Repeat every entry below exactly.

▶ EXCERPTED RECORDS
——

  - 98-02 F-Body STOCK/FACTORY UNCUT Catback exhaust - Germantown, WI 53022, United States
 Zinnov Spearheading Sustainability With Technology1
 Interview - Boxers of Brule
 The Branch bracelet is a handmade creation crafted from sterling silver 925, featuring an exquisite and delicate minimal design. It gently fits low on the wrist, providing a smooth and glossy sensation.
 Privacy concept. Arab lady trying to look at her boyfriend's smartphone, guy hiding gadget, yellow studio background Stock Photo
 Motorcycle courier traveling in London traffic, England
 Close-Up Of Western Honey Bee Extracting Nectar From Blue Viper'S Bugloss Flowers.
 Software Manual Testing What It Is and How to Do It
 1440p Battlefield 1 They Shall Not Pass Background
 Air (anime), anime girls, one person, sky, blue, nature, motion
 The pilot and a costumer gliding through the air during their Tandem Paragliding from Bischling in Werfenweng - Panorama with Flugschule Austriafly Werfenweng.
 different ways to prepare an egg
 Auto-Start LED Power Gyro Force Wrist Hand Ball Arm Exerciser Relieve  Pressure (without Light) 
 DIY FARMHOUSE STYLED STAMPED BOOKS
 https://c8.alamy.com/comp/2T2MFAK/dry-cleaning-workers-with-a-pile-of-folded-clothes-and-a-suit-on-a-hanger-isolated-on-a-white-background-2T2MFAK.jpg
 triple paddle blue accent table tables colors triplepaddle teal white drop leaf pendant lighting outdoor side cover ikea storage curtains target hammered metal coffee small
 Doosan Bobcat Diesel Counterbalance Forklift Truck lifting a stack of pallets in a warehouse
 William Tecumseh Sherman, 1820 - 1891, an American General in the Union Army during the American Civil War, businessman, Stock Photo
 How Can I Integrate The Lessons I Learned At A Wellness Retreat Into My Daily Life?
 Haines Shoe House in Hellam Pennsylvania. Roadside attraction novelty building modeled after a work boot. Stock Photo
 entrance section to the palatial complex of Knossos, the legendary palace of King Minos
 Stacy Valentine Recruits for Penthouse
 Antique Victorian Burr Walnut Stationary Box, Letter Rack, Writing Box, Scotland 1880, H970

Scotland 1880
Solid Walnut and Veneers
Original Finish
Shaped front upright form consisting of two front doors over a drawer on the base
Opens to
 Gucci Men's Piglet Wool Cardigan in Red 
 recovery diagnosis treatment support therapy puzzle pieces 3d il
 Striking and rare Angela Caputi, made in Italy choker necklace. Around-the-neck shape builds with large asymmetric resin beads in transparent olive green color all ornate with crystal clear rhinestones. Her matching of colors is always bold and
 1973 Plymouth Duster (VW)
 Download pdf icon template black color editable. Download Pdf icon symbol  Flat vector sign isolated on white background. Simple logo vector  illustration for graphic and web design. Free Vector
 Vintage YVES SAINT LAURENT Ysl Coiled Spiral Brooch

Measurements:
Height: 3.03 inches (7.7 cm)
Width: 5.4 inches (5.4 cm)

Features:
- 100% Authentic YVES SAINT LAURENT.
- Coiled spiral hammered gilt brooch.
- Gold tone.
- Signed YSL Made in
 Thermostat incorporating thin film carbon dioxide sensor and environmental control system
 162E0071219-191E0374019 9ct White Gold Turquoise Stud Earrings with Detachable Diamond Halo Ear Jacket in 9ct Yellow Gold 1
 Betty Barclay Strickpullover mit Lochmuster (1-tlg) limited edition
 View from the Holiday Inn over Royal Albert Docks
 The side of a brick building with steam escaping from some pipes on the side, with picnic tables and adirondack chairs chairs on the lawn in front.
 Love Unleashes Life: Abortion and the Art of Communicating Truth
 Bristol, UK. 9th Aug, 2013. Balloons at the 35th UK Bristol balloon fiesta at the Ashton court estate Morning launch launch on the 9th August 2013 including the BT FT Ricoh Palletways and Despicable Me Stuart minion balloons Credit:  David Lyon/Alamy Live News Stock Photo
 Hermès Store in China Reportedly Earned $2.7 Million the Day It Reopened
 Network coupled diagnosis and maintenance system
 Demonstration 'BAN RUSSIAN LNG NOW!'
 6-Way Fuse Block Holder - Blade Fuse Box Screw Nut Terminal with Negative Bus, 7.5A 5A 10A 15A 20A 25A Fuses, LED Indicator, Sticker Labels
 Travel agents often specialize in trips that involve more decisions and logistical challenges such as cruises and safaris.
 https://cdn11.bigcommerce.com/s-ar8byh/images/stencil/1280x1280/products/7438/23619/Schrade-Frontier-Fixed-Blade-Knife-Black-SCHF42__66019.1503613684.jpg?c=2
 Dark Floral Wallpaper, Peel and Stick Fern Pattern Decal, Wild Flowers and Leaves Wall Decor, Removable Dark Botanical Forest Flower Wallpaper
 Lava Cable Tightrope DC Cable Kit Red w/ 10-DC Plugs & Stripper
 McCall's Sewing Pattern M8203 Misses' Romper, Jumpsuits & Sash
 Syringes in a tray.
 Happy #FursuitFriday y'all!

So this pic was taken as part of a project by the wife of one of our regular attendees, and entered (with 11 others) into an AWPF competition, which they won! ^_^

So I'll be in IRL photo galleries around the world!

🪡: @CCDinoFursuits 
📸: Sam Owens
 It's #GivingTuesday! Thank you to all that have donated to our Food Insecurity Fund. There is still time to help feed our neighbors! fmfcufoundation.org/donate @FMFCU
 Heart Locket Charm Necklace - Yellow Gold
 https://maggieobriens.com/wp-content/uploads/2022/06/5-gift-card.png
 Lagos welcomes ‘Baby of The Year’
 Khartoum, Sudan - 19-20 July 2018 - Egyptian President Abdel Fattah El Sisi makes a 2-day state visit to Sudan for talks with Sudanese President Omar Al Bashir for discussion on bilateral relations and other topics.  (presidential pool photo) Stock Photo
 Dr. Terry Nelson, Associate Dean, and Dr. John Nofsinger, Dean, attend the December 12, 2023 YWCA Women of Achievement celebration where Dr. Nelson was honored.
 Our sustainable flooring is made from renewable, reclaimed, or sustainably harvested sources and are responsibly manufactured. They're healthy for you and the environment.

——

▶ TASK RESULT
  - 98-02 F-Body STOCK/FACTORY UNCUT Catback exhaust - Germantown, WI 53022, United States
 Zinnov Spearheading Sustainability With Technology1
 Interview - Boxers of Brule
 The Branch bracelet is a handmade creation crafted from sterling silver 925, featuring an exquisite and delicate minimal design. It gently fits low on the wrist, providing a smooth and glossy sensation.
 Privacy concept. Arab lady trying to look at her boyfriend's smartphone, guy hiding gadget, yellow studio background Stock Photo
 Motorcycle courier traveling in London traffic, England
 Close-Up Of Western Honey Bee Extracting Nectar From Blue Viper'S Bugloss Flowers.
 Software Manual Testing What It Is and How to Do It
 1440p Battlefield 1 They Shall Not Pass Background
 Air (anime), anime girls, one person, sky, blue, nature, motion
 The pilot and a costumer gliding through the air during their Tandem Paragliding from Bischling in Werfenweng - Panorama with Flugschule Austriafly Werfenweng.
 different ways to prepare an egg
 Auto-Start LED Power Gyro Force Wrist Hand Ball Arm Exerciser Relieve  Pressure (without Light) 
 DIY FARMHOUSE STYLED STAMPED BOOKS
 https://c8.alamy.com/comp/2T2MFAK/dry-cleaning-workers-with-a-pile-of-folded-clothes-and-a-suit-on-a-hanger-isolated-on-a-white-background-2T2MFAK.jpg
 triple paddle blue accent table tables colors triplepaddle teal white drop leaf pendant lighting outdoor side cover ikea storage curtains target hammered metal coffee small
 Doosan Bobcat Diesel Counterbalance Forklift Truck lifting a stack of pallets in a warehouse
 William Tecumseh Sherman, 1820 - 1891, an American General in the Union Army during the American Civil War, businessman, Stock Photo
 How Can I Integrate The Lessons I Learned At A Wellness Retreat Into My Daily Life?
 Haines Shoe House in Hellam Pennsylvania. Roadside attraction novelty building modeled after a work boot. Stock Photo
 entrance section to the palatial complex of Knossos, the legendary palace of King Minos
 Stacy Valentine Recruits for Penthouse
 Antique Victorian Burr Walnut Stationary Box, Letter Rack, Writing Box, Scotland 1880, H970

Scotland 1880
Solid Walnut and Veneers
Original Finish
Shaped front upright form consisting of two front doors over a drawer on the base
Opens to
 Gucci Men's Piglet Wool Cardigan in Red 
 recovery diagnosis treatment support therapy puzzle pieces 3d il
 Striking and rare Angela Caputi, made in Italy choker necklace. Around-the-neck shape builds with large asymmetric resin beads in transparent olive green color all ornate with crystal clear rhinestones. Her matching of colors is always bold and
 1973 Plymouth Duster (VW)
 Download pdf icon template black color editable. Download Pdf icon symbol  Flat vector sign isolated on white background. Simple logo vector  illustration for graphic and web design. Free Vector
 Vintage YVES SAINT LAURENT Ysl Coiled Spiral Brooch

Measurements:
Height: 3.03 inches (7.7 cm)
Width: 5.4 inches (5.4 cm)

Features:
- 100% Authentic YVES SAINT LAURENT.
- Coiled spiral hammered gilt brooch.
- Gold tone.
- Signed YSL Made in
 Thermostat incorporating thin film carbon dioxide sensor and environmental control system
 162E0071219-191E0374019 9ct White Gold Turquoise Stud Earrings with Detachable Diamond Halo Ear Jacket in 9ct Yellow Gold 1
 Betty Barclay Strickpullover mit Lochmuster (1-tlg) limited edition
 View from the Holiday Inn over Royal Albert Docks
 The side of a brick building with steam escaping from some pipes on the side, with picnic tables and adirondack chairs chairs on the lawn in front.
 Love Unleashes Life: Abortion and the Art of Communicating Truth
 Bristol, UK. 9th Aug, 2013. Balloons at the 35th UK Bristol balloon fiesta at the Ashton court estate Morning launch launch on the 9th August 2013 including the BT FT Ricoh Palletways and Despicable Me Stuart minion balloons Credit:  David Lyon/Alamy Live News Stock Photo
 Hermès Store in China Reportedly Earned $2.7 Million the Day It Reopened
 Network coupled diagnosis and maintenance system
 Demonstration 'BAN RUSSIAN LNG NOW!'
 6-Way Fuse Block Holder - Blade Fuse Box Screw Nut Terminal with Negative Bus, 7.5A 5A 10A 15A 20A 25A Fuses, LED Indicator, Sticker Labels
 Travel agents often specialize in trips that involve more decisions and logistical challenges such as cruises and safaris.
 https://cdn11.bigcommerce.com/s-ar8byh/images/stencil/1280x1280/products/7438/23619/Schrade-Frontier-Fixed-Blade-Knife-Black-SCHF42__66019.1503613684.jpg?c=2
 Dark Floral Wallpaper, Peel and Stick Fern Pattern Decal, Wild Flowers and Leaves Wall Decor, Removable Dark Botanical Forest Flower Wallpaper
 Lava Cable Tightrope DC Cable Kit Red w/ 10-DC Plugs & Stripper
 McCall's Sewing Pattern M8203 Misses' Romper, Jumpsuits & Sash
 Syringes in a tray.
 Happy #FursuitFriday y'all!

So this pic was taken as part of a project by the wife of one of our regular attendees, and entered (with 11 others) into an AWPF competition, which they won! ^_^

So I'll be in IRL photo galleries around the world!

🪡: @CCDinoFursuits 
📸: Sam Owens
 It's #GivingTuesday! Thank you to all that have donated to our Food Insecurity Fund. There is still time to help feed our neighbors! fmfcufoundation.org/donate @FMFCU
 Heart Locket Charm Necklace - Yellow Gold
 https://maggieobriens.com/wp-content/uploads/2022/06/5-gift-card.png
 Lagos welcomes ‘Baby of The Year’
 Khartoum, Sudan - 19-20 July 2018 - Egyptian President Abdel Fattah El Sisi makes a 2-day state visit to Sudan for talks with Sudanese President Omar Al Bashir for discussion on bilateral relations and other topics.  (presidential pool photo) Stock Photo
 Dr. Terry Nelson, Associate Dean, and Dr. John Nofsinger, Dean, attend the December 12, 2023 YWCA Women of Achievement celebration where Dr. Nelson was honored.
 Our sustainable flooring is made from renewable, reclaimed, or sustainably harvested sources and are responsibly manufactured. They're healthy for you and the environment.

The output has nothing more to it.